Старуха провела Эдмунда во внутреннее помещение, где оставила его разбираться со своими делами.

Из тени выступил незнакомец, невысокий, полный, лысый, не старше шестидесяти лет. Он особым образом перекрестился, и Эдмунд ответил тем же.

— Я Кордери, — представился он.

— За вами следили? — В голосе старика прозвучали почтение и страх.

— Не здесь. Они следовали за мной от Тауэра, но я легко от них отделался.

— Плохо.

— Возможно, но это к нашему делу не относится. Вы вне опасности. Вы принесли то, о чем я просил?

Толстяк неуверенно кивнул.

— Мои начальники недовольны, — сообщил он. — Они велели мне передать вам, что не желают, чтобы вы так рисковали. Вы представляете слишком большую ценность, чтобы подвергать себя смертельной опасности.

— Я уже нахожусь в смертельной опасности. События нас опережают. В любом случае, это не ваша забота и не забота ваших… начальников. Решать мне.

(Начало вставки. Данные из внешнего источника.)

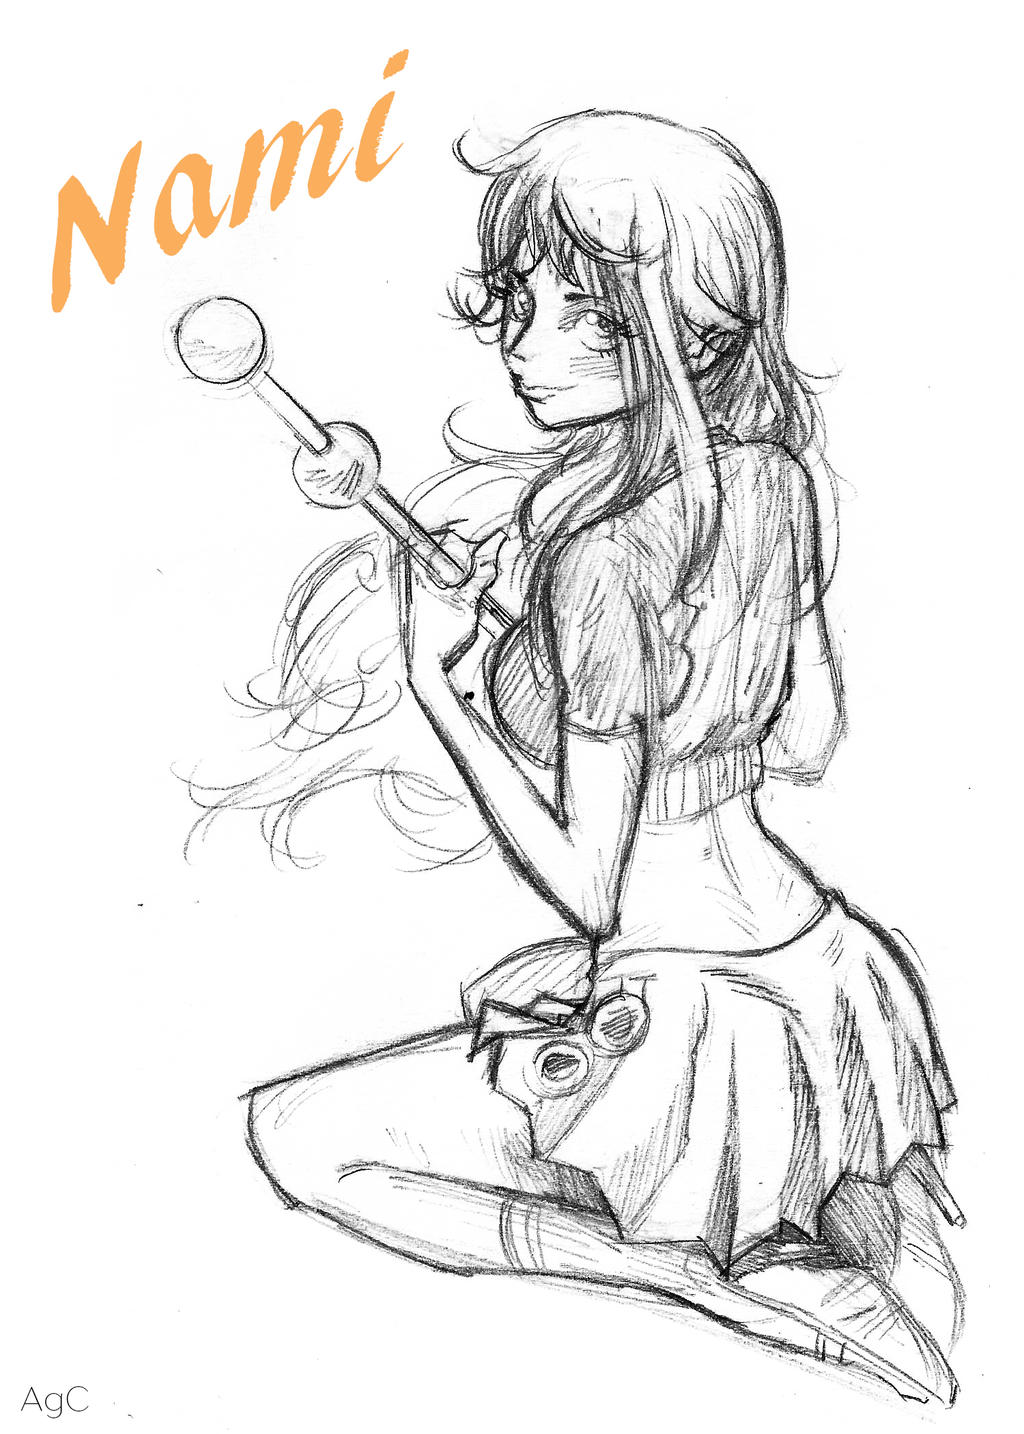 Nami - One Piece - Pencil Sketch 7 By AnthonyGonzalesClark On DeviantArt
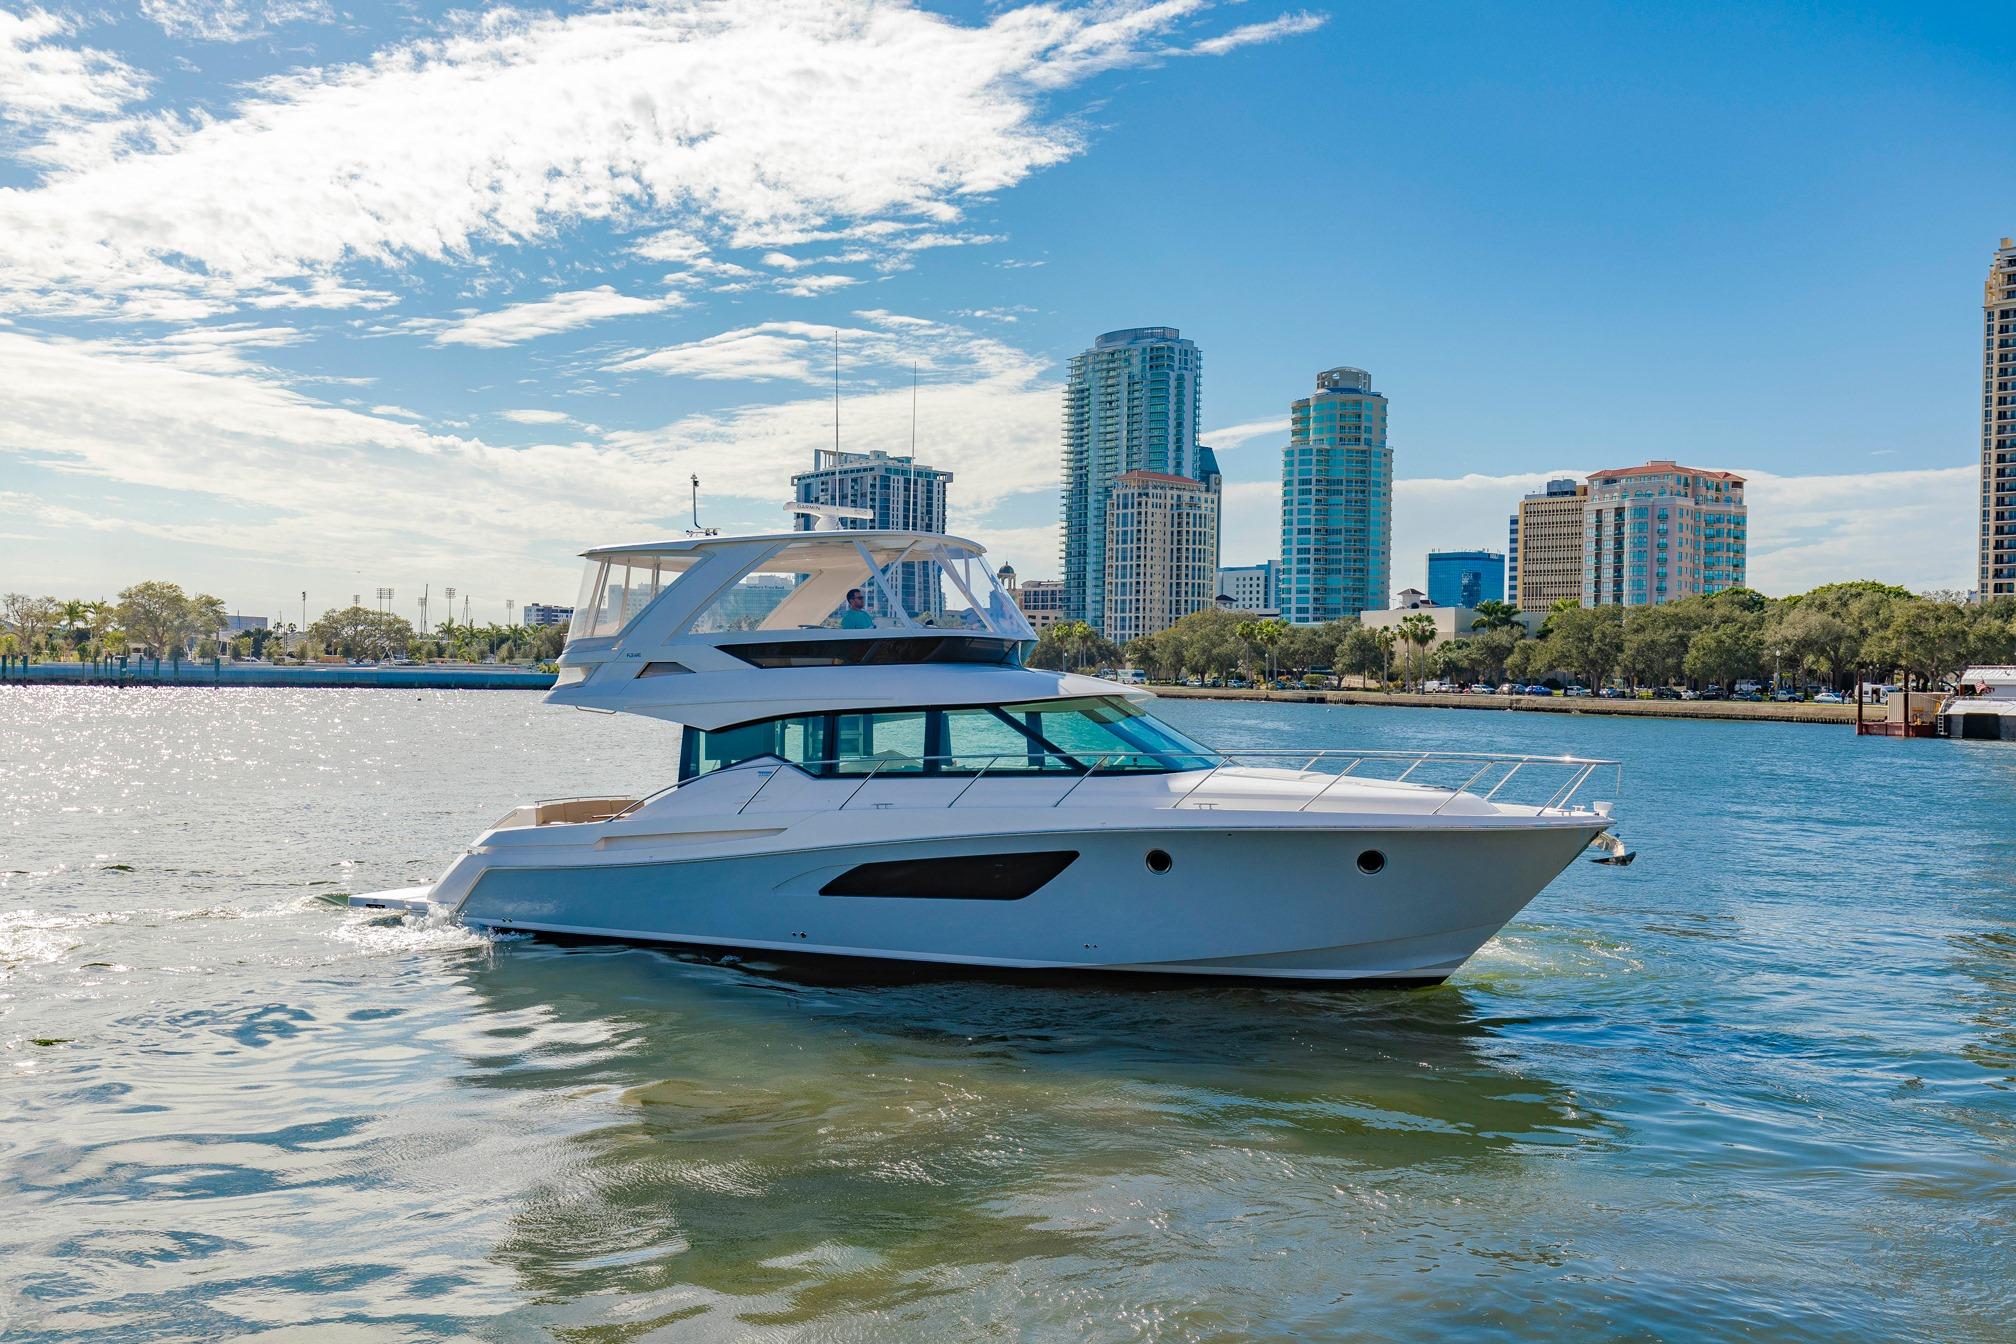 "2017 Tiara Yachts F53 Flybridge ""Fiji Kai"" — Sold by HMY Yacht Sales"

Толстяк покачал головой, но этот жест выражал скорее уступку, чем отрицание. Он вытащил из-за стула, на котором сидел, ожидая Эдмунда, какой-то предмет. Это оказался большой ящик, завернутый в кожу. В продольной стенке был проделан ряд маленьких дырочек; из ящика доносилось царапанье, выдававшее присутствие живых существ.

— Вы действовали в соответствии с моими инструкциями? — уточнил Эдмунд.

Человечек кивнул и дотронулся до плеча механика дрожащей от страха рукой.

— Не открывайте это, сэр, умоляю вас. Не здесь.

— Бояться нечего, — заверил его Эдмунд.

— Вы не были в Африке, сэр, а я был. Поверьте мне, боятся все — и не только простые люди. Говорят, что вампиры тоже умирают.

— Да, мне это известно, — рассеянно отвечал Эдмунд. Он стряхнул с плеча руку старика, удерживавшую его, расстегнул ремни, стягивающие коробку, и приподнял крышку, но совсем немного — лишь для того, чтобы осветить внутреннее пространство и взглянуть, что там находится.

В коробке сидели две большие серые крысы. При виде света они забились в угол.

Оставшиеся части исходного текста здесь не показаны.